For those following recent developments on ESG investing and green finance, these new legislative requirements are unlikely to be a surprise. Climate change issues have risen up the agenda across the financial services sector over the past few years, given the widespread recognition that it is likely to affect all parts of the economy, especially energy, manufacturing, construction, transport and agriculture. And TCFD standards are increasingly seen as the global standard for measuring climate risks among investors, with major figures such as BlackRock’s CEO Larry Fink committing to these standards and calling for all companies to do the same. 

In addition, pension funds are increasingly viewed as a crucial component in managing the financial risks associated with climate change, given the size and timescale of their investments. Pension funds, naturally, need to consider investments in the long-term and on that timescale, the threat posed by climate change is substantial. All pension schemes are exposed to climate-related risks in one way or another through their assets and investments. These risks can arise from the direct impact of climate change, where rising temperatures, rising sea levels and greater instances of extreme weather is likely to have a devastating impact on certain parts of the world and their economies – or through the transition to a low-carbon economy, which has the potential to make some assets worthless in future, for example, fossil fuel assets such as oil fields or coal power stations (conversely, the transition to a low carbon economy presents a number of opportunities for pension schemes to invest in the technologies of the future). A failure by a pensions scheme to manage these risks would ultimately impact their members’ future retirement income and, in some cases, could result in the scheme’s insolvency.
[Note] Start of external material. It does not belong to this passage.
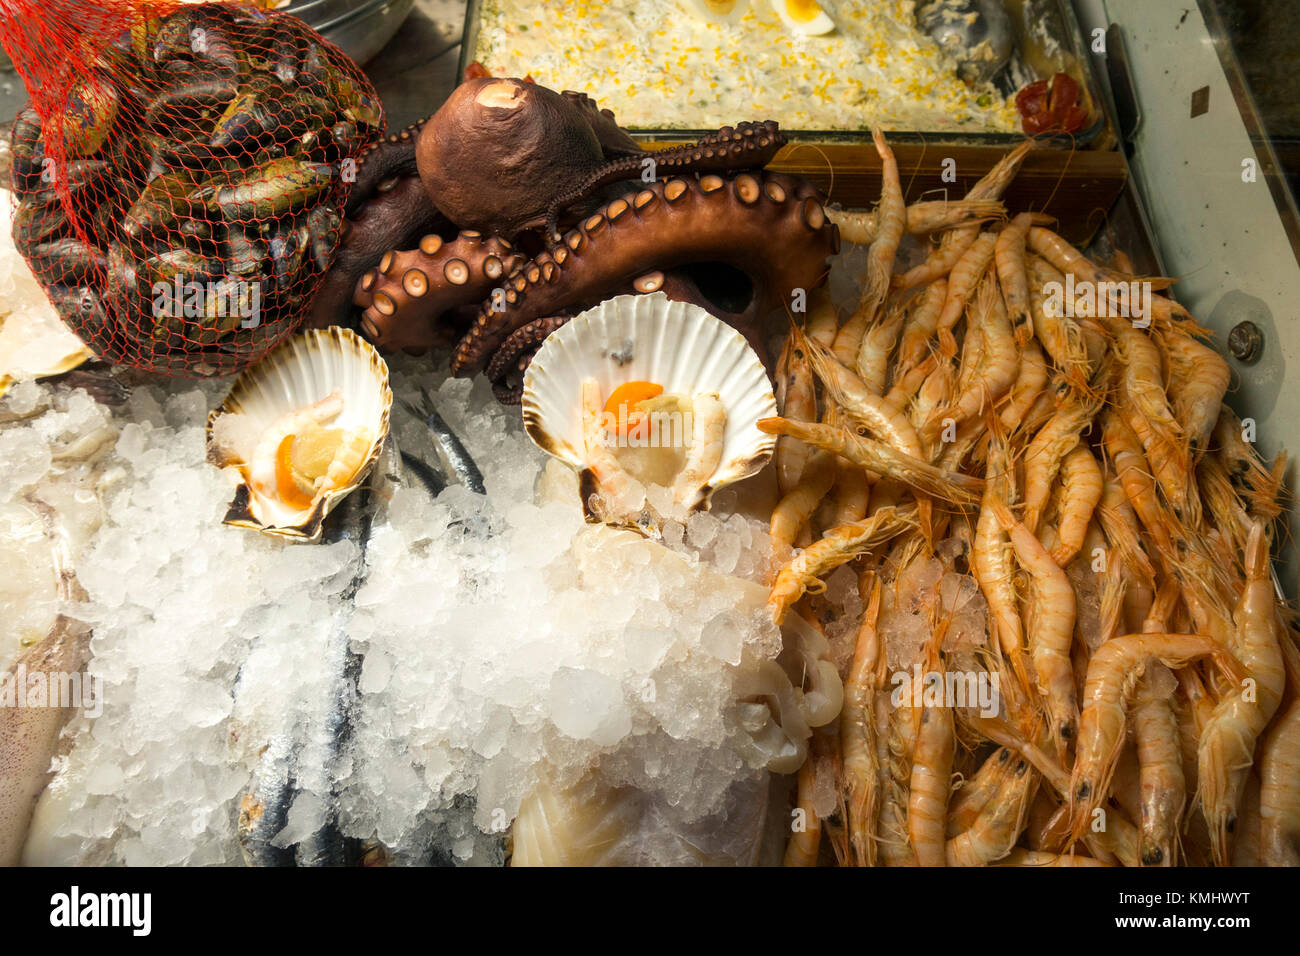 Anzeige der Meeresfrüchte, Muscheln, Garnelen, Muscheln in spanische Tapas Bar, Malaga, Andalusien, Spanien. Stockfoto

Such concerns are now part of mainstream debate in financial services, but it is also fair to say that not all pension trustees, especially those managing smaller schemes, currently have the long-term impact of climate change at the front of their minds. In the short term, pension trustees are likely to be more focused on managing the short-term pressures associated with their pension schemes (not least the disruption caused by Covid-19 and the impact of the economic downturn is having on their sponsors, as well as managing the impact of current ultra-low interest rates). These new requirements represent another set of responsibilities placed on pension trustees, who already operate within a highly regulated environment and with a fiduciary duty to deliver the best outcomes for their members. In practical terms, they will mean that pension trustees may have to adapt their investment strategies, how they work with consultants and asset managers and how they report and communicate with their members. 
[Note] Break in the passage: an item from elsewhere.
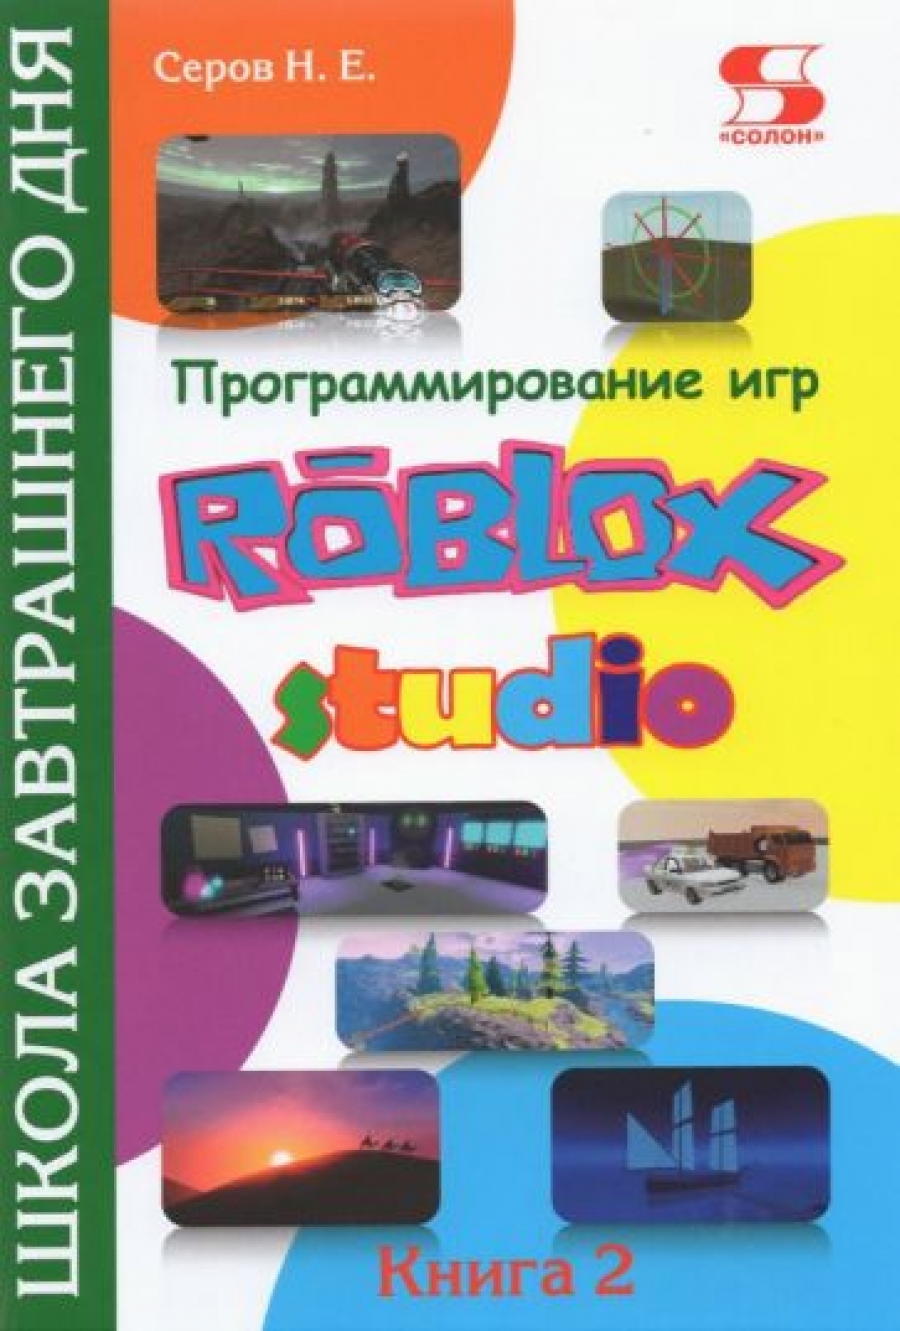 Серов Н. Программирование игр в Roblox Studio. Книга 2. Школа завтрашнего дня

While this may represent a headache in the short term, in the long term these new requirements – along with new guidance and consistent reporting standards that will accompany them – should help pension trustees better manage the major financial risks associated with climate change and should mean better outcomes for the scheme members. This is also another development that will help make ESG investing and green finance more mainstream and speed up the adoption of TCFD standards across the sector. Asset managers and listed companies, for instance, will now need to demonstrate their climate change credentials to market themselves to pension funds. Importantly, the impact of the measures should extend far beyond pensions and financial services, particularly as they coincide with those looking to ‘build back better' following the pandemic – with the ultimate objective of these measures being to help finance and deliver the green recovery as well as assist in managing the impacts of climate change.